Short summary: below, I suggest a possible object model for Angband, and invite you to poke holes in it.
Every once in awhile someone will talk about how they want to rewrite Angband in some more recent language, usually Python. This isn't particularly surprising -- the Vanilla Angband codebase is around 240k lines of C, and isn't always particularly easy to understand, so the impulse to just chuck twenty years' worth of development effort and start fresh is always tempting. Especially since Angband does a lot of things "by hand" that you can delegate to libraries now -- event and window management, file handling, resource marshalling, display logic, even random number generators. Not to mention that interpreted languages tend to be much more pleasant to make cross-platform -- no more main-* files!
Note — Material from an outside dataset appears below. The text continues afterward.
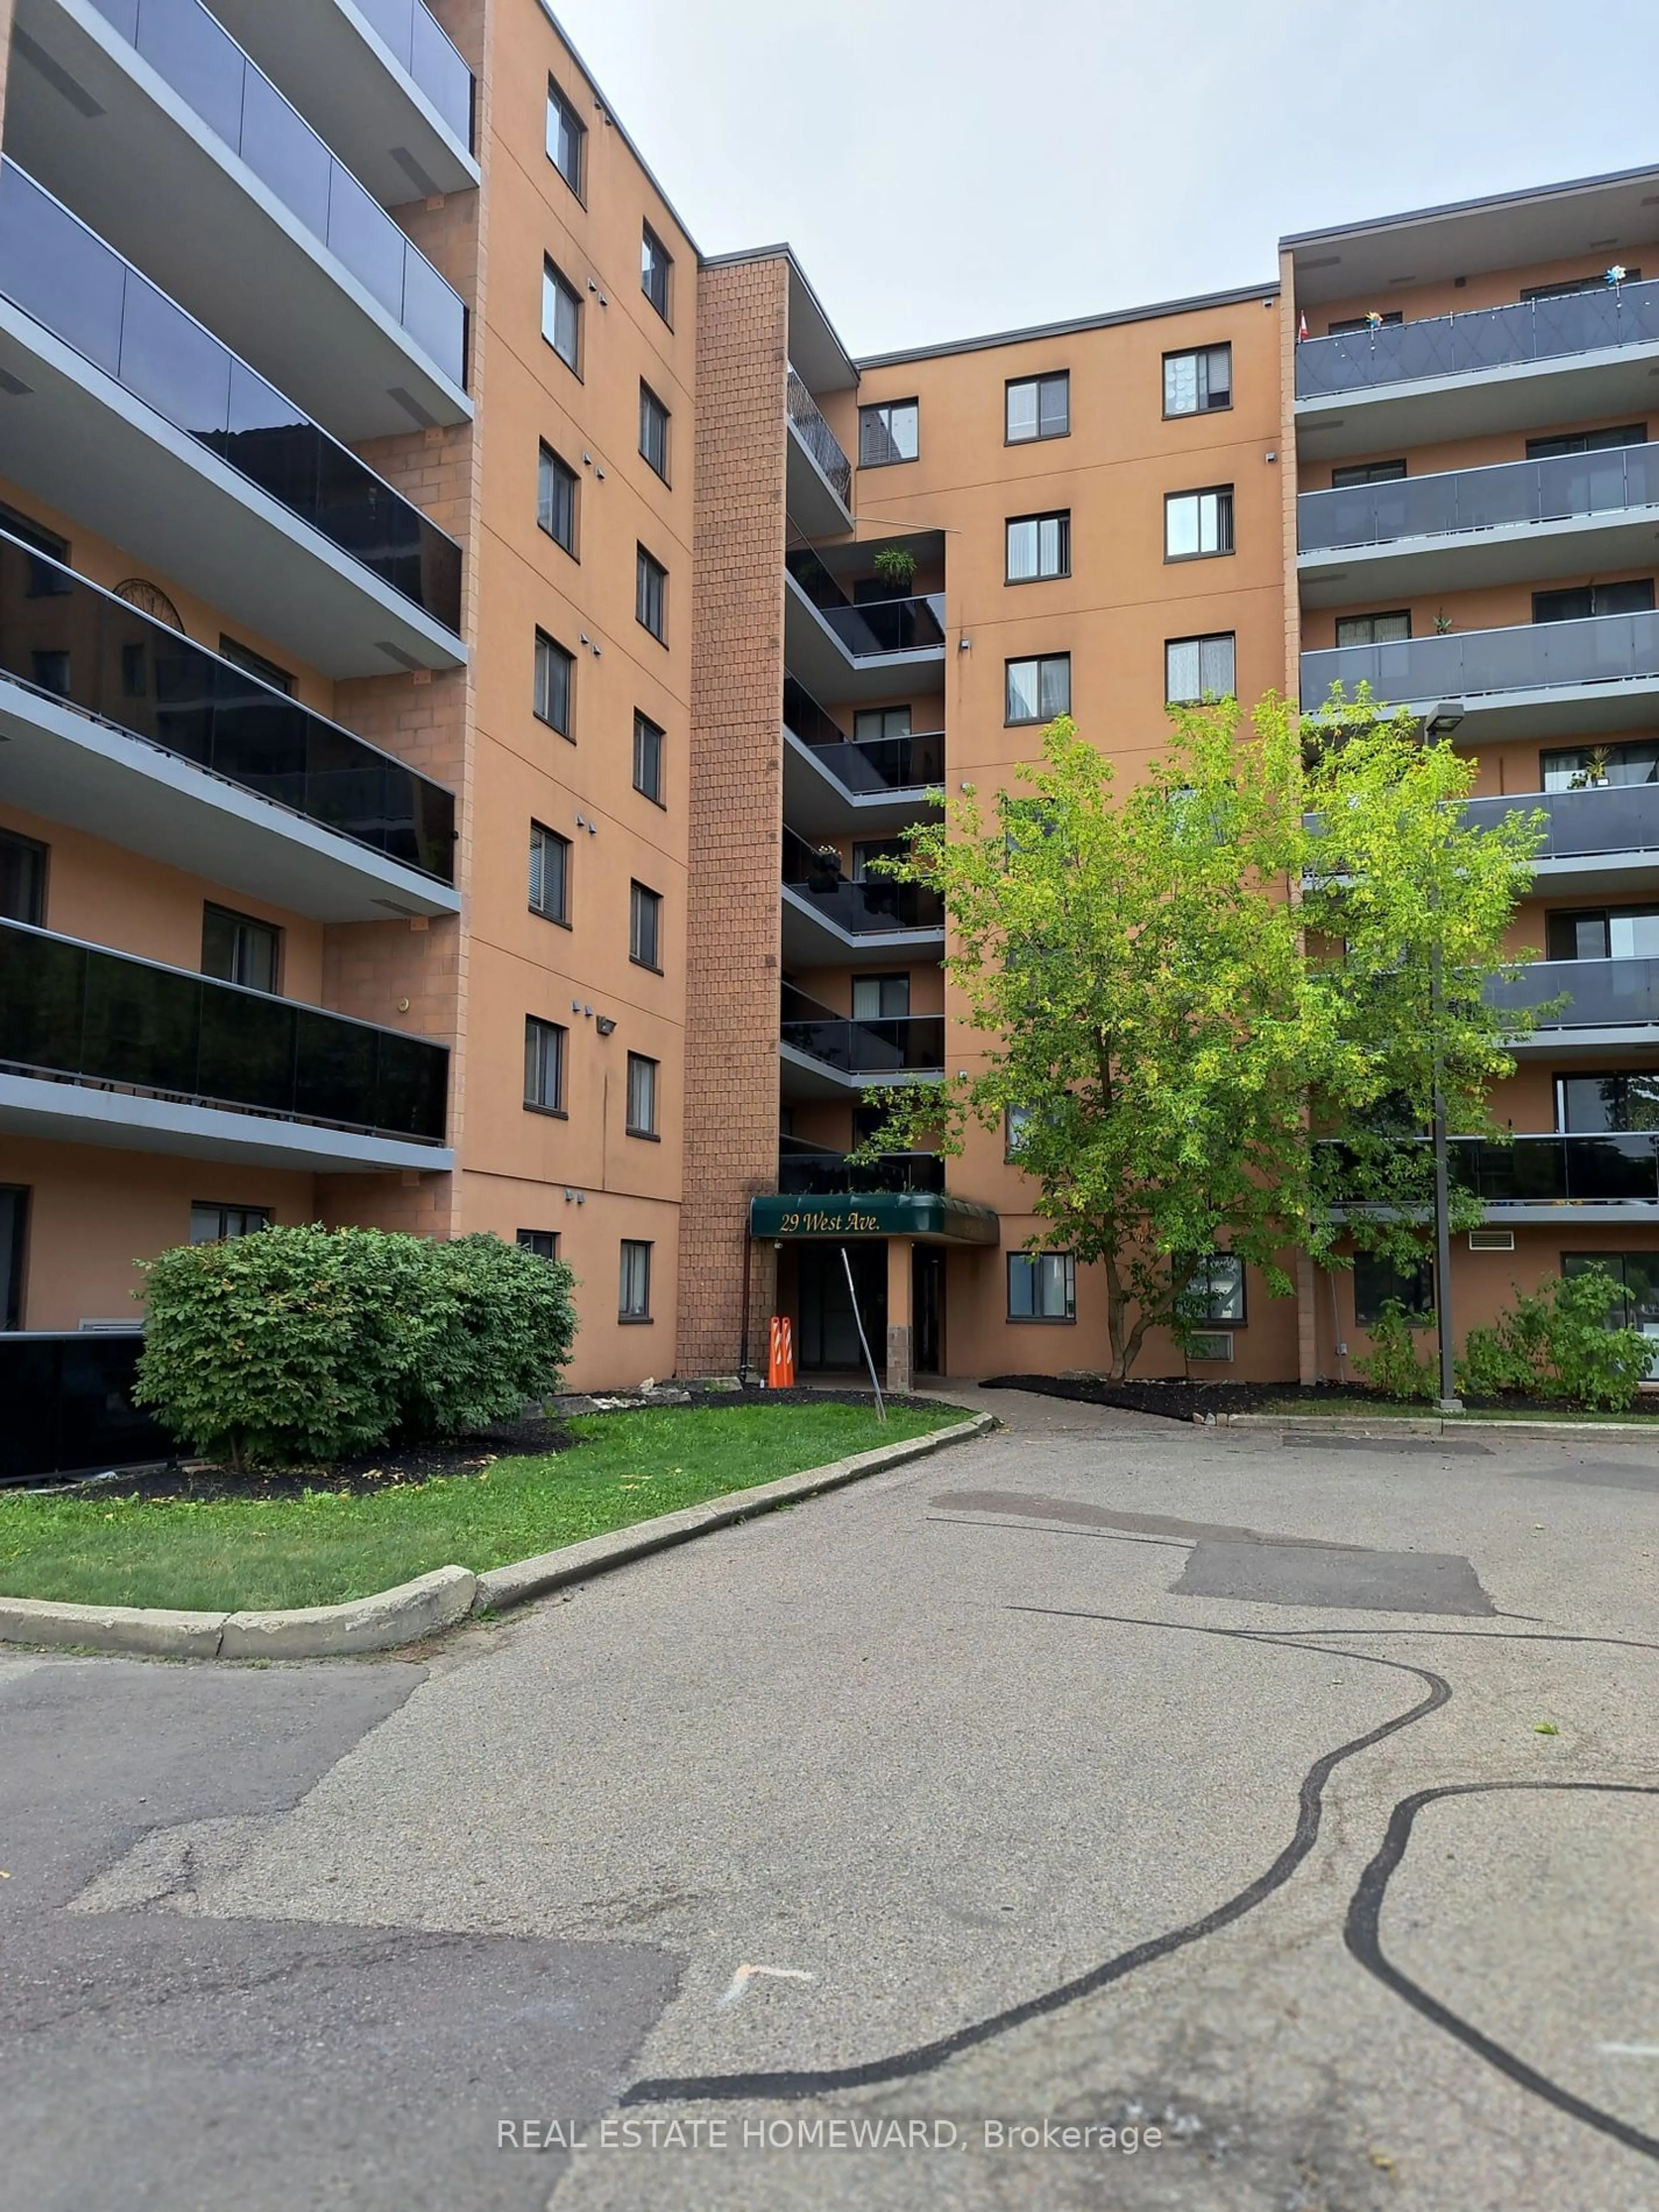 Outside view for 29 West Ave #502, Kitchener Ontario N2M 5E4

So there's a lot of reasons to like the idea of rewriting Angband with a more modern approach to software development. And people have tried it, too -- Sirridan was working on a Python implementation awhile back, though it appears to have stalled. Part of the problem is that Angband is so massive that just using a "better" language isn't enough on its own -- you need to have a good design too. There's a lot of detail to handle!
So just for fun, and as a design exercise, and because I only got four hours of sleep last night so hey why not, here's a somewhat vague object-model design for Angband.
We'll start with the map. The map is of course a 2D grid of containers, we'll call them Cells. Each Cell can hold an arbitrary number of Things, which are basically any "real world" thing you can interact with -- monsters, items, terrain, etc.
Since Things often need to be able to find each other in order to interact with them, the Map will have a collection of Thing Sets, which Things can register themselves with. For example, a new monster registers itself with the monster list, which can later be used when casting detection spells, targeting effects, or listing visible monsters. Thing Sets are created and destroyed on an as-needed basis; if a nonexistent list is requested then of course the result is empty. Among other things, this lets us create associations -- for example, when a group of jackals is created, they request a new Thing Set so they can associate with each other, which opens new possibilities for pack AI.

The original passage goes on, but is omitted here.